Hoe verbazingwekkend is het dat we (artsen en wetenschappers) ons pas de laatste jaren realiseren dat, als het gaat om ziekte, mannen en vrouwen niet hetzelfde zijn. Natuurlijk wisten we al lang dat sommige ziektes meer bij mannen voor komen en sommige meer bij vrouwen. Maar er valt veel meer over te zeggen.
Vooral in de cardiologie is veel aandacht gekomen voor “het vrouwenhart”. Symptomen van een hartinfarct zijn bij vrouwen vaak minder klassiek en specifiek. Geregeld kregen vrouwen onterecht een etiket van stress, overgangsklachten of hyperventilatie, en daarmee niet de juiste zorg.
In medicatie-studies zijn mannen vaak oververtegenwoordigd. Vrouwen zitten hormonaal en qua verdeling vetweefsel/spierweefsel heel anders in elkaar dan mannen, en dat doet van alles met de verwerking van medicijnen in het lichaam. Zo beschrijft een artikel in het Nederlands Tijdschrift (2020) dat bij éénzelfde dosis van een betablokker een vrouw een 2.5 maal hogere spiegel in het bloed opbouwt dan een man. Echter de aanbevolen dosering van een medicijn is vooralsnog meer afgesteld op een mannenlijf dan op een vrouwenlijf
In haar boek: “het vrouwenbrein” vertelt Iris Sommers dat het vrouwenbrein kleiner is dan het mannenbrein (ook als je corrigeert voor bv lichaamslengte), maar dat het méér verbindingen heeft tussen de hersengebieden, waardoor mannen en vrouwen qua intelligentie niet voor elkaar onderdoen. Hormonen zoals testosteron (mannen) en oestrogenen (vrouwen) hebben een belangrijke invloed, ook op de functie van de hersenen en op gedrag. Vrouwen hebben gemiddeld genomen een actiever immuunsysteem, ook in de hersenen, reden waarom een immuun gerelateerde aandoening als multipele sclerose bij vrouwen vaker voorkomt dan bij mannen.

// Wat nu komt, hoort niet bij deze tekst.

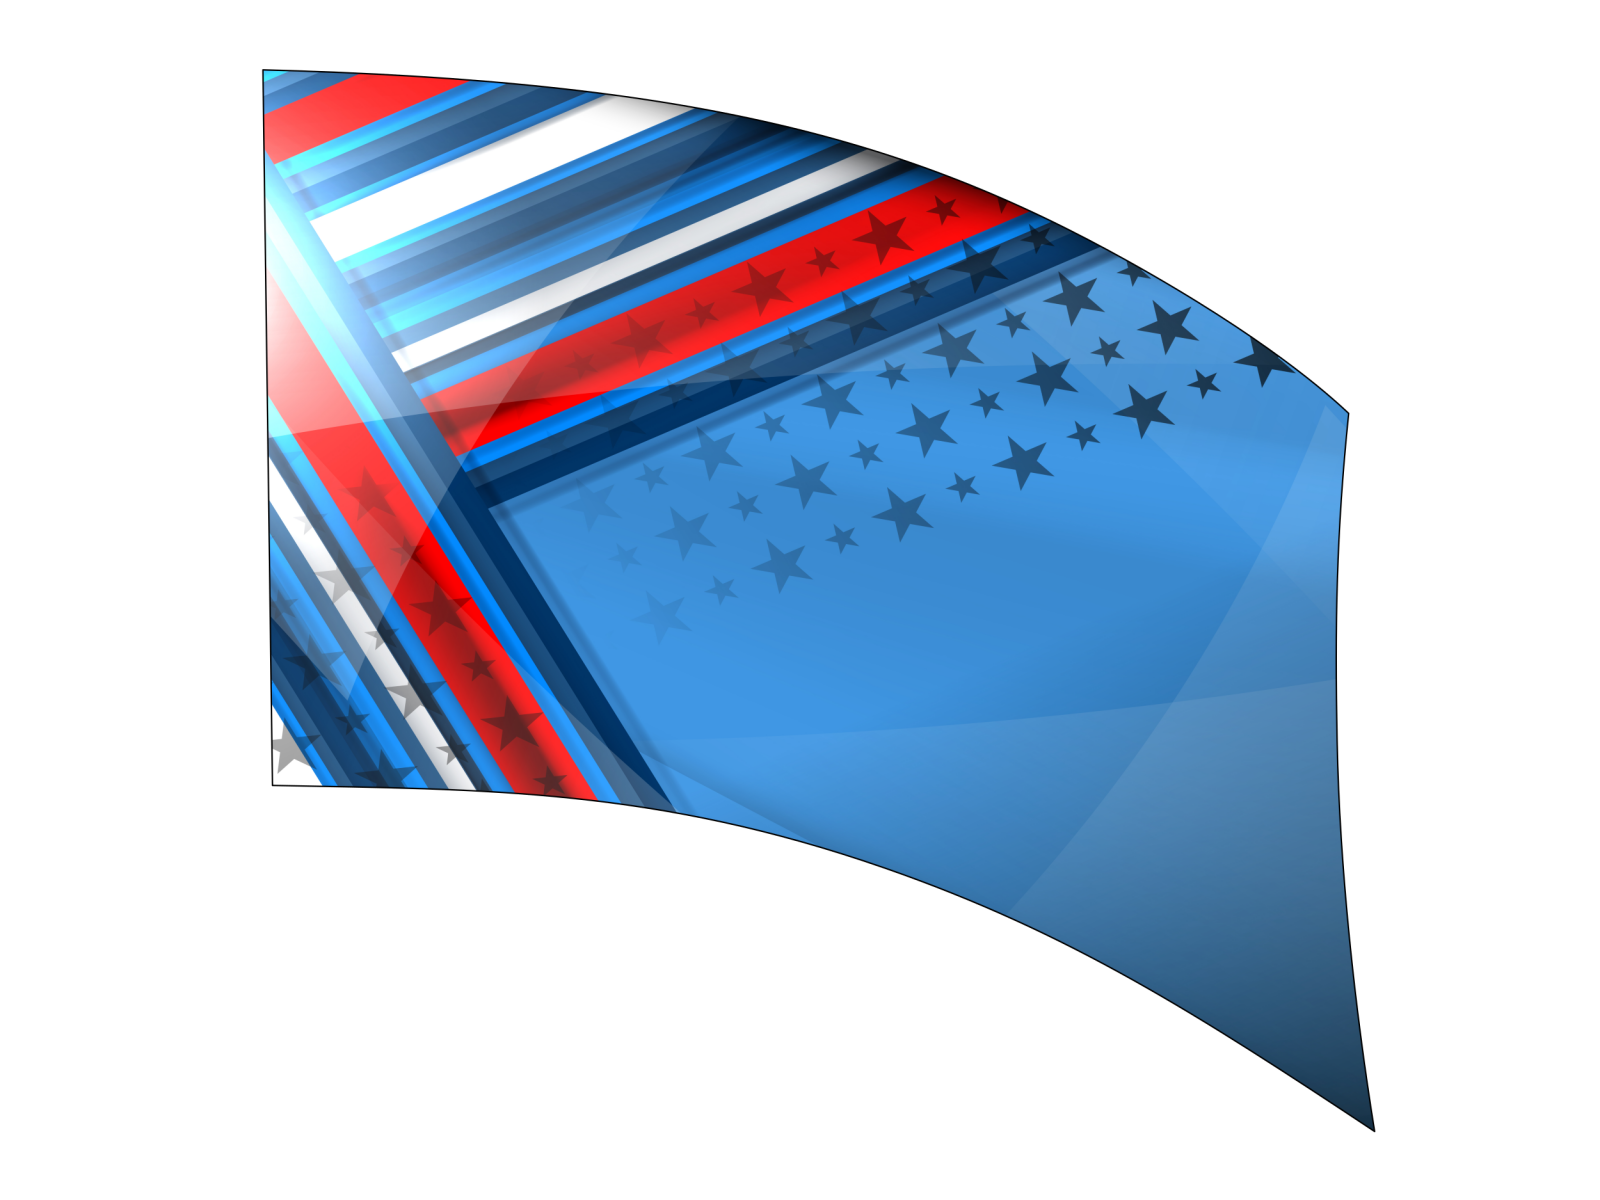 060219s - 36x52 Standard Patriotic 3

Vanuit een heel ander perspectief vraagt Kasper Klaarenbeek ook aandacht voor de relatie gender- ziekte. Hij is rond de 60 jaar als hij een zeldzame en ongeneeslijke vorm van kanker blijkt te hebben. Hij vindt het heel moeilijk hiermee om te gaan en mist contact met mannelijke lotgenoten. Zonder alle mannen over één kam te scheren benoemt hij dat mannen gemiddeld genomen wat minder makkelijk over hun gevoel en emoties praten dan vrouwen. Het lastiger vinden om kwetsbaar te zijn en geen houvast meer te hebben aan de rol van “sterke man”. Dat de humor van mannen onderling soms zwartgallig en bot kan zijn, maar belangrijk is en kan helpen om te relativeren.
Vrouwen verlenen meer mantelzorg dan mannen. Het Centraal Bureau voor de Statistiek (CBS) meldt dat 14.7 % van de vrouwen en 9.9% van de mannen mantelzorg verleent. Hun definitie voor mantelzorg is: ≥ 8 uur per week, óf ≥ 3 maanden, mantelzorg geven. Het Sociaal en Cultureel Planbureau (SCP) heeft een ruimere definitie: alle hulp aan een hulpbehoevende die wordt gegeven door iemand uit diens directe omgeving. In die definitie verleent 32% van de vrouwen mantelzorg versus 12.3% van de mannen. Groot verschil!
In de reguliere zorg is het gros van onze vragen en acties gericht op symptomen, medicatie, en diagnostiek zoals bv scans. Zonder te gaan generaliseren zou het toch relevant zijn om ons meer bewust te zijn van de man/vrouw verschillen: fysiek, qua gedrag/coping strategie, en qua maatschappelijke rol. Veel informatie krijg je als je het gesprek niet gelijk medisch insteekt maar open vraagt: “vertel, hoe is het met je”. En deze vraag ook stelt aan de partner/naaste/mantelzorger die is meegekomen.
In mijn praktijk “het Huis van M” is juist ruimte voor het persoonlijke verhaal en de persoonlijke behoefte van mensen met ernstige en/of chronische ziekte. En er is met nadruk ook ruimte voor mantelzorgers om voor zichzelf te komen en stil te staan bij wat er voor hén nodig is.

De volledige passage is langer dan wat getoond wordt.